Task goal |
Leaving the pictures aside, return the listing exactly as it appears.

Data shown |

┌──

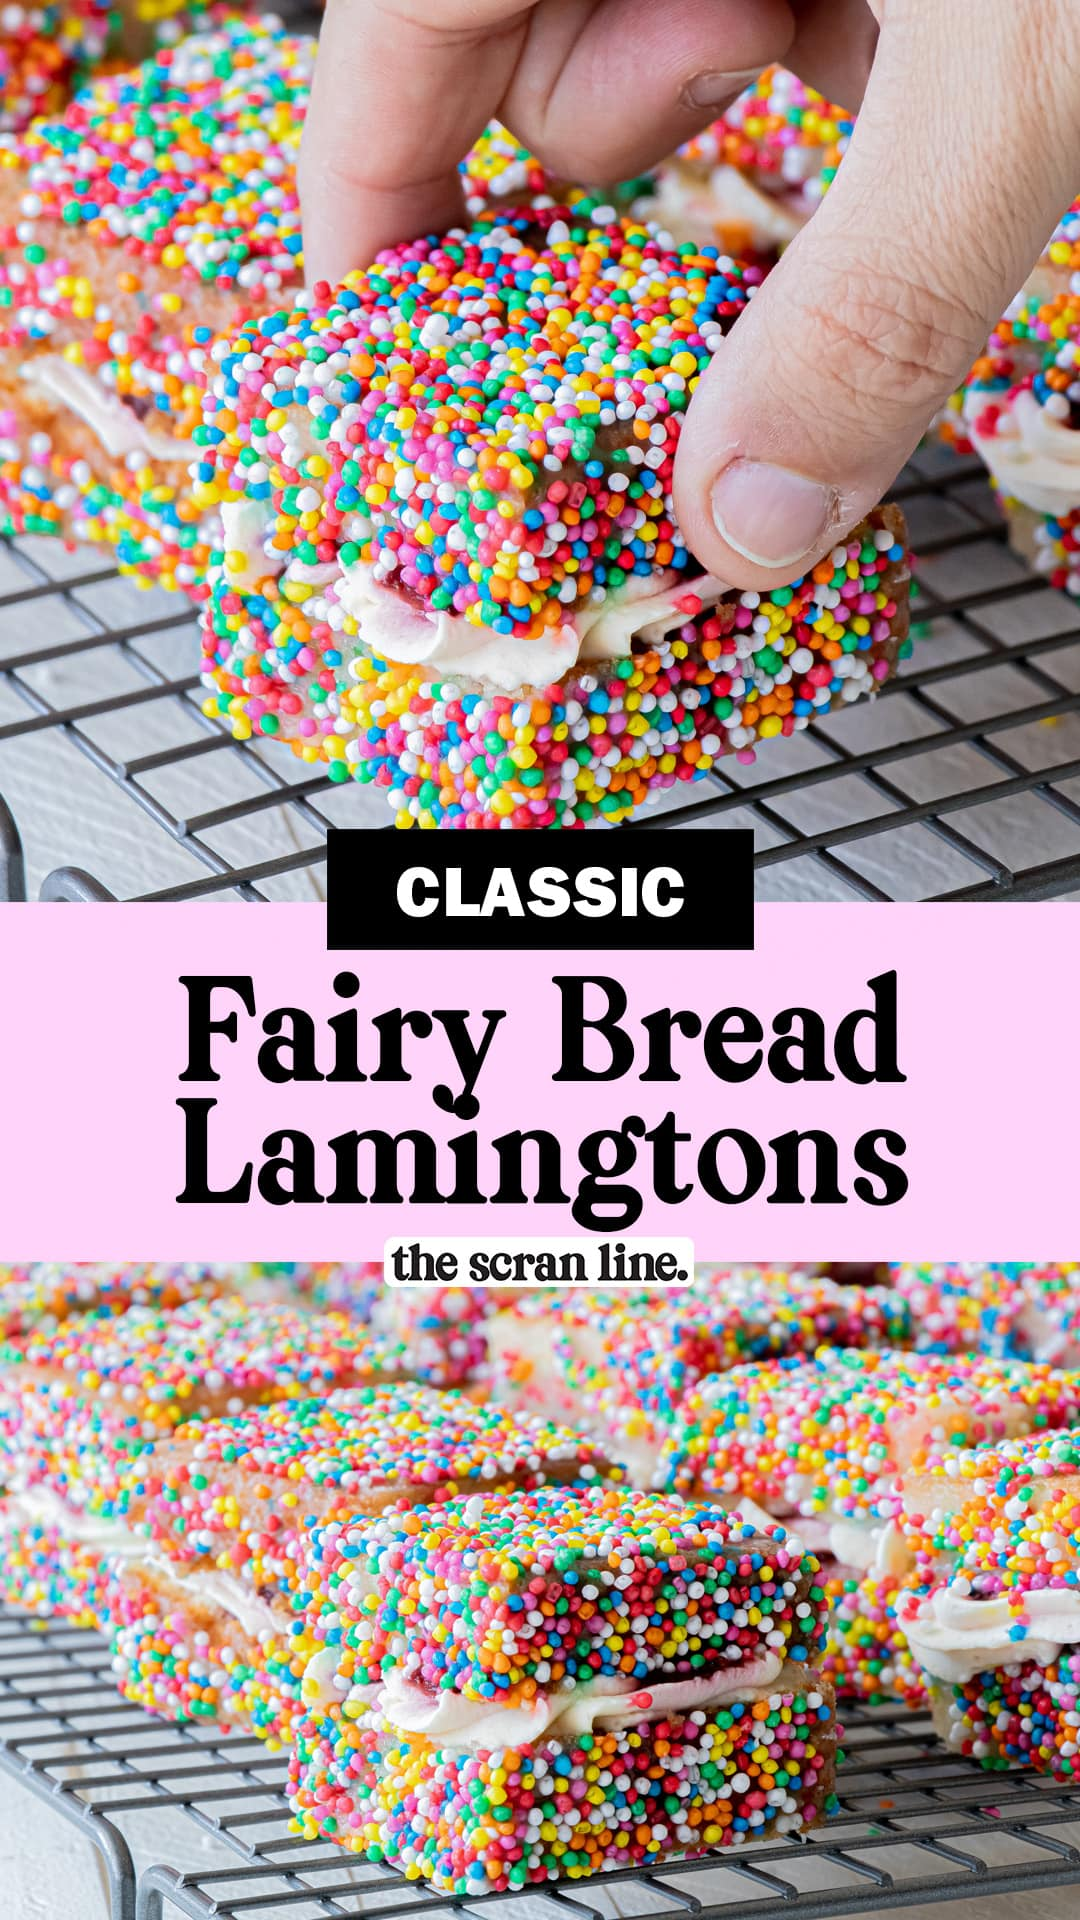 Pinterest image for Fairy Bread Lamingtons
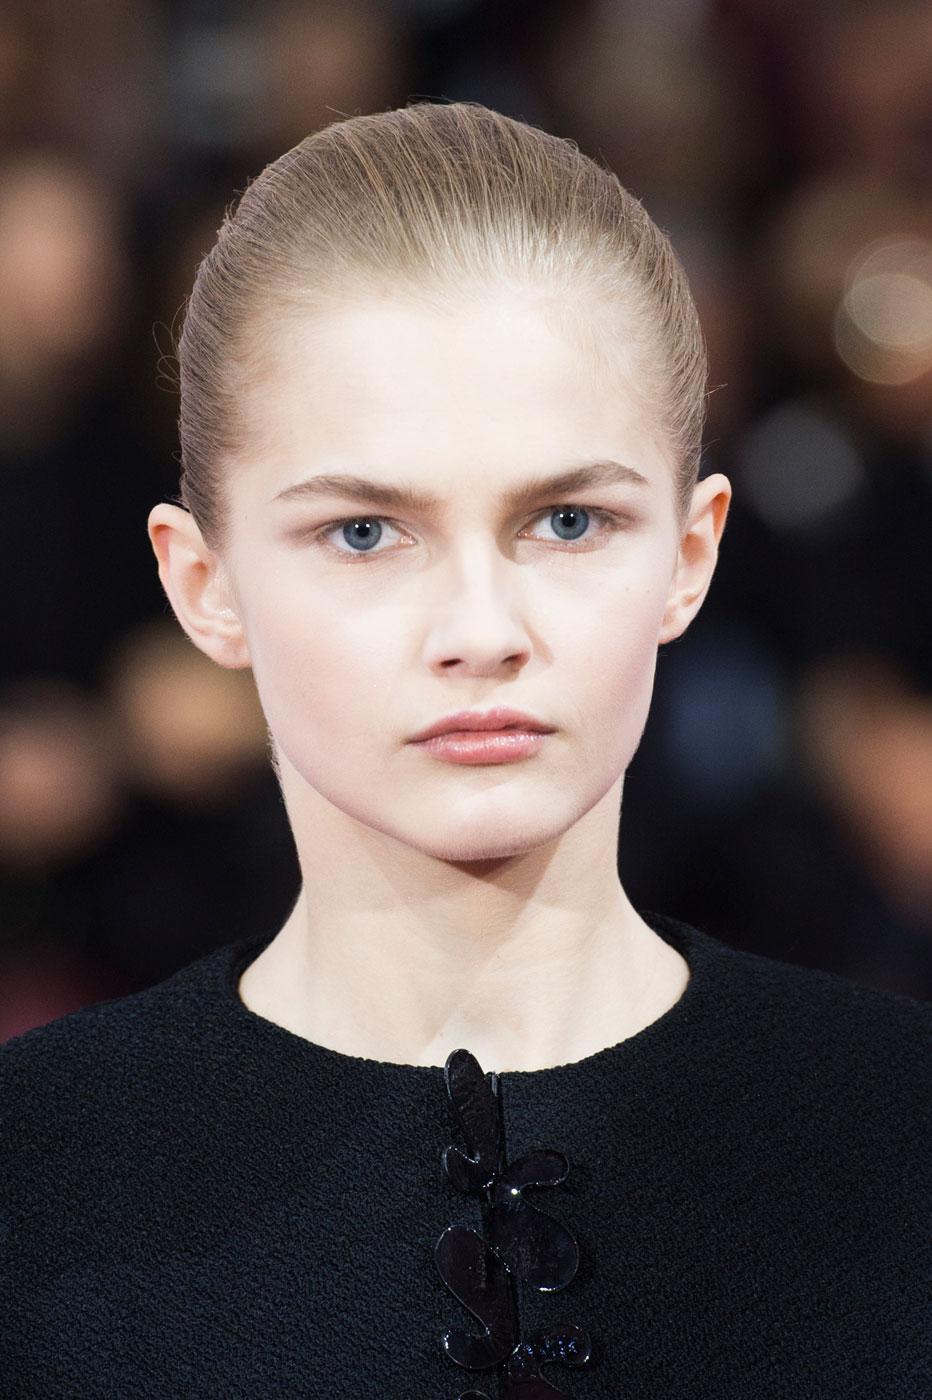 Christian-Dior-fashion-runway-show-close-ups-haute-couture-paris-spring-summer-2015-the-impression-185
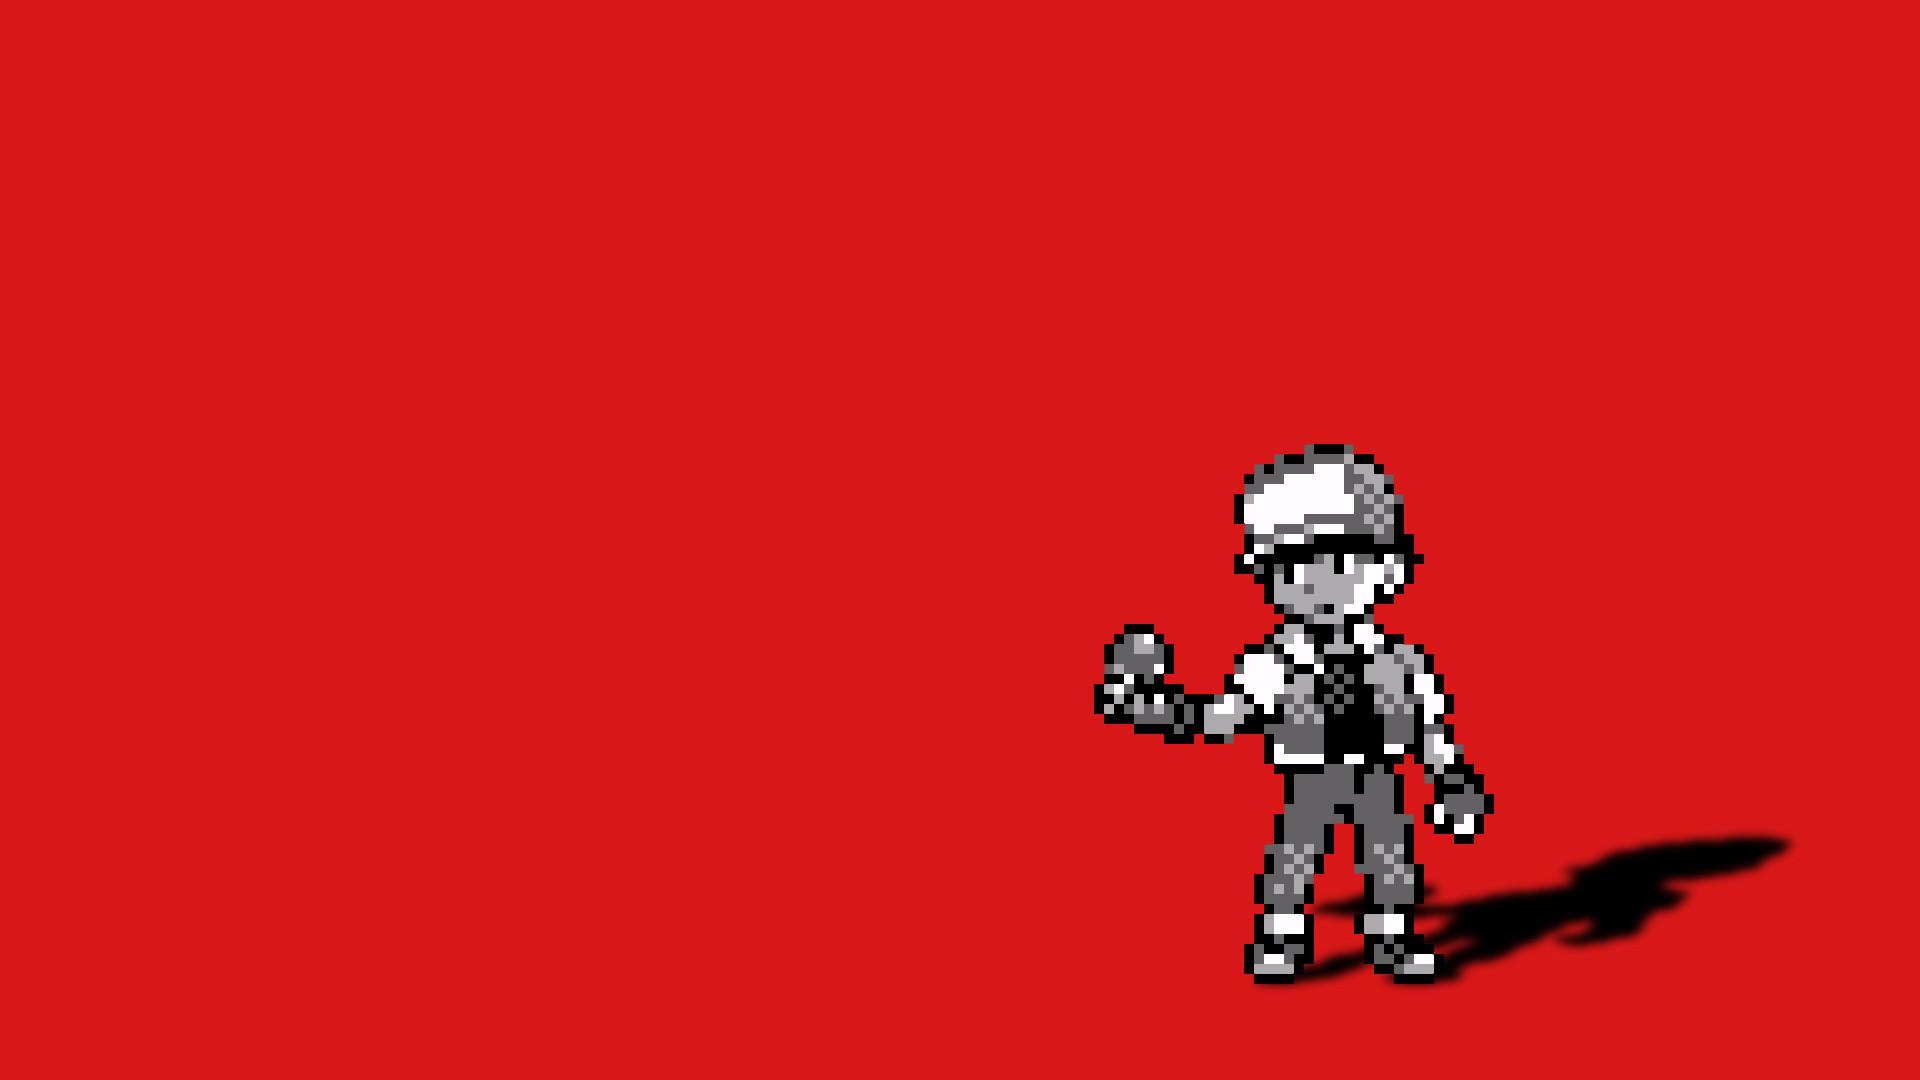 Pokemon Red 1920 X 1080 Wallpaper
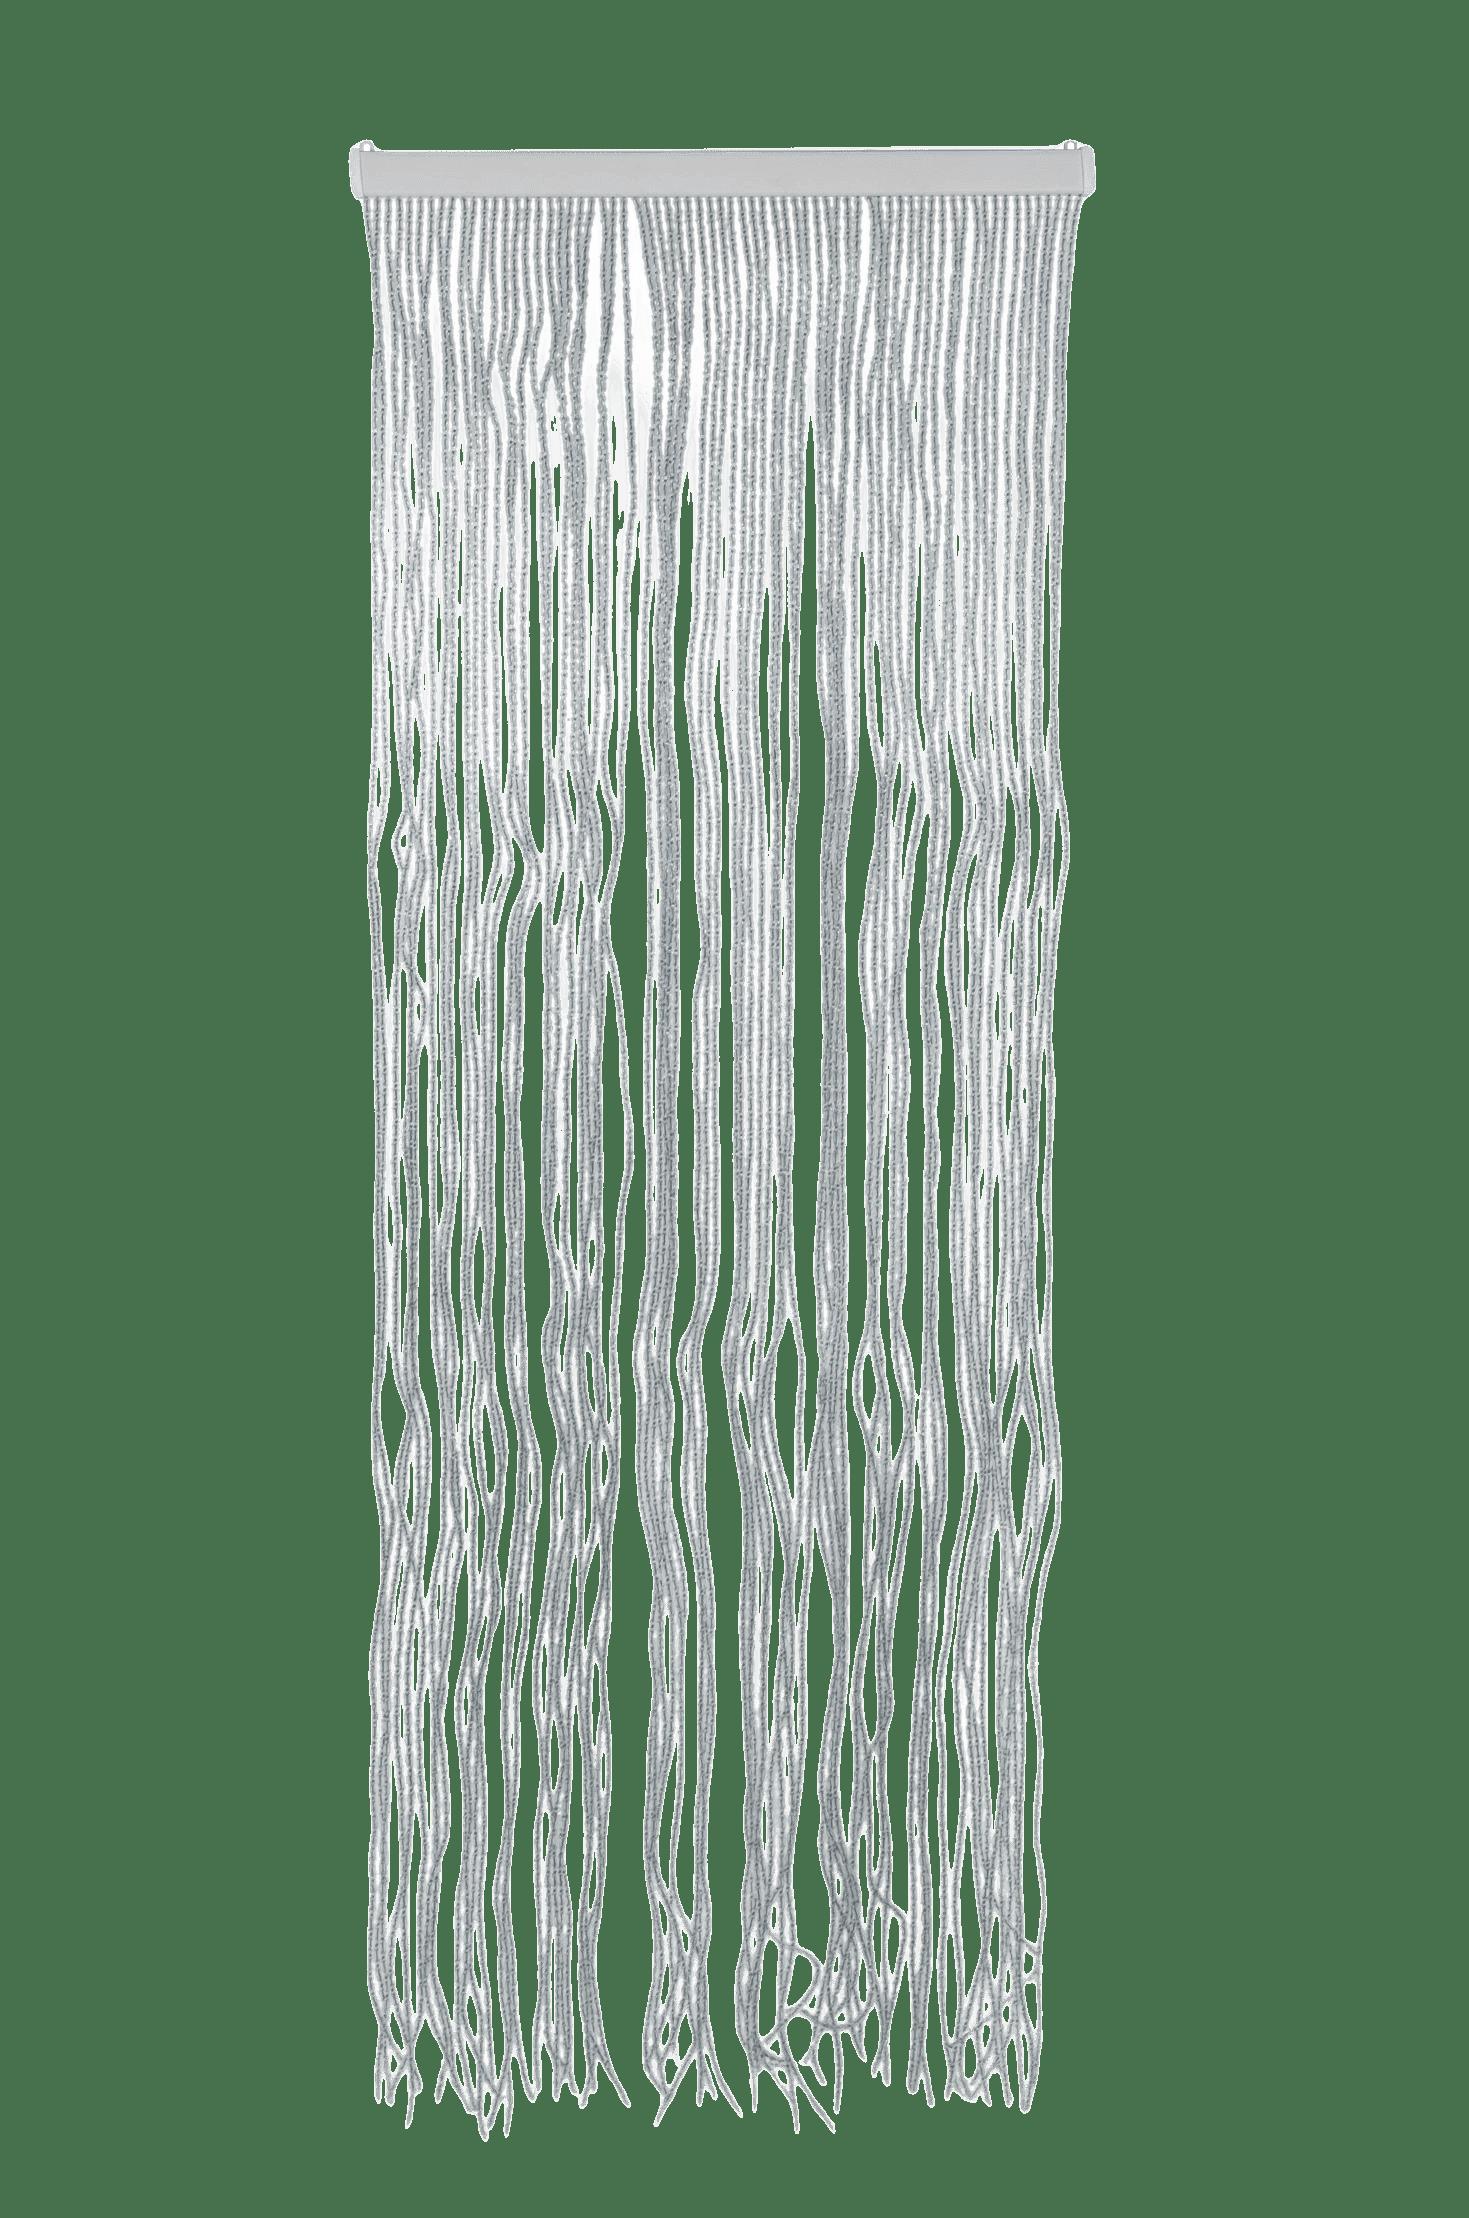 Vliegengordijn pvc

└──

Response to this exercise |
 Pinterest image for Fairy Bread Lamingtons
 Christian-Dior-fashion-runway-show-close-ups-haute-couture-paris-spring-summer-2015-the-impression-185
 Pokemon Red 1920 X 1080 Wallpaper
 Vliegengordijn pvc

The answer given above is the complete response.